- The construction industry employs millions of people and is worth billions of dollars in the US.
- Employment laws, such as OSHA, FLSA, ADA, NLRA, and FMLA, protect workers in the construction industry.
- Common injuries experienced in the construction industry include brain injuries, broken bones, and cuts and bruises.
- Employers must ensure safety regulations are followed to prevent serious injuries or fatalities.
- If injured at work, seek legal help to get the compensation and medical care you deserve.
The construction industry is one of the most labor-intensive in the global economy. Knowing the employment laws that govern the industry is important, with thousands of workers employed every year. The proper implementation of employment laws will promote the rights of the worker and the company. However, this can only be achievable if the employer and employees understand the employment laws that govern the industry. Here’s what you need to know about the industry, laws that protect you as an employee, and what to do if you ever get injured while working in construction.
The Construction Industry in The U.S.
It’s estimated that the construction industry is worth one trillion dollars. It’s a growing sector of the American economy and employs over 8 million people. Construction is essential for building the infrastructure that makes our country great, from bridges to roads, schools to skyscrapers.
The Employment Laws That Apply
Employment laws are created to protect workers in the construction industry. Here are those laws.
The Occupational Safety and Health Administration (OSHA)
OSHA is a federal agency working under the US Department of Labor, which provides guidelines, regulations, and occupational safety and health standards.
The construction industry has a higher risk of accidents and hazards than other industries, so OSHA regulations become more important. If the safety guidelines are not followed, it could lead to serious injuries and fatalities, leaving the employer liable for prosecution. Employers should know the OSHA regulations they need to follow and provide regular training to workers to ensure safe practices.
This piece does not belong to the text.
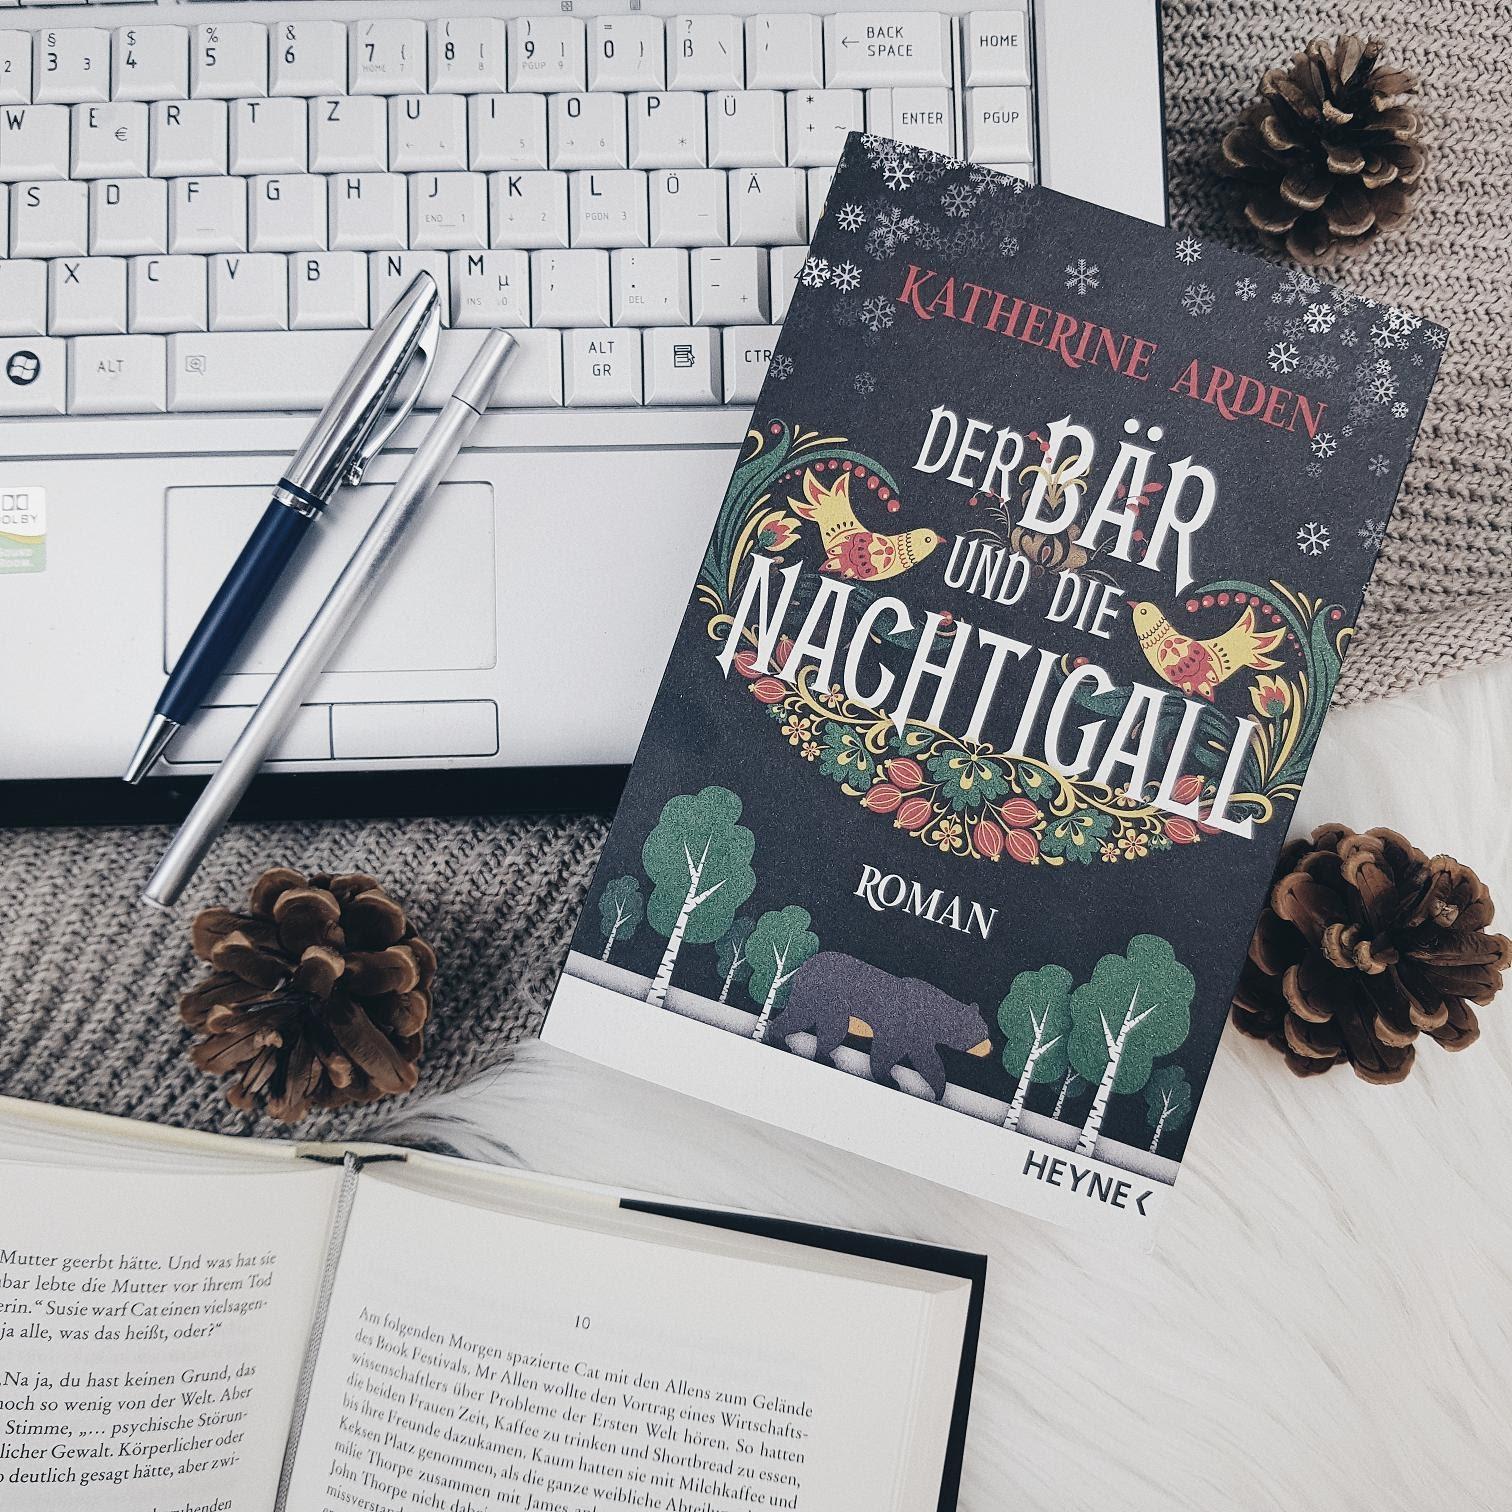 Bücherblog. Rezension. Buchcover. Der Bär und die Nachtigall (Band 1) von Katherine Arden. Fantasy. Historische Fantasy. Heyne. ©Lisa B. | Prettytigers Bücherregal | prettytigerbuch

The Fair Labor Standards Act (FLSA)
The construction industry is not the exception in following minimum wage law. The FLSA calculates the standard minimum wage to be paid to the worker. In some states, the minimum wage is higher than the federal rate, so employers should comply with state law. This act also enforces overtime pay of not less than one and a half times the employee’s regular rate.
The Americans with Disabilities Act (ADA)
The ADA is an act that prohibits discrimination against people with disabilities. In the construction industry, it ensures the implementation and installation of facilities that are accessible to disabled people. Employers must provide reasonable accommodations to employees with disabilities, including physical adjustments and the provision of medical equipment to fight disability-induced limitations.
The National Labor Relations Act (NLRA)
The NLRA recognizes employees’ rights to join or form a union during employment. It prohibits employers from interfering, restraining, or coercing employees who want to form a union and support collective bargaining. The law dictates that a unionized work environment should cover compensation, insurance, and working conditions, all of which define the quality of an employee’s work environment.
Familial and Medical Leave Act (FMLA)
The FMLA means that employees can take unpaid leave from work and keep their health insurance coverage if they need to deal with severe medical conditions, recover from serious illnesses, or care for a family member or newborn. Employers should provide notices, monitoring, and time off that abide by the FMLA rules.
Injuries in The Industry and What to Do
Lastly, injuries are quite common in the industry, and you might get injured if you’re a construction worker. Thankfully, there are ways you can ensure that you get something out of injuries that can help sustain you with your life. Here’s what you need to know about it.
A brain or head injury is one of the most common forms of injury in the construction industry. These are caused by impacts or falls, which can be devastating due to their potential long-term effects. If you suffer from a head injury at work, seeking medical attention and documenting your experience with written evidence is essential. Additionally, you must get an experienced brain injury attorney. They can help you with compensation and the long-term medical care you need.
Broken bones are also joint in the construction industry due to heavy lifting and repeated strain on your body. If you experience fractures or broken bones at work, you must get immediate medical attention and document the injury with photographs and written evidence. Furthermore, contact an attorney who specializes in workers’ compensation cases so that they can help you receive fair compensation for your injuries.
Cuts and Bruises
Cuts and bruises are often caused by sharp tools, falling objects, or electric shocks. If you’re injured at work, take pictures of the injury right away, along with a detailed description of what happened. An experienced personal injury lawyer can help you get the compensation you need.
Construction is an incredibly important industry, but it can also be very dangerous for those working there. Knowing your employment rights and laws will ensure that you are working in a safe environment with fair treatment from employers. Additionally, if you ever experience injuries while at work, knowing how to seek legal help is essential to get the compensation and care you deserve.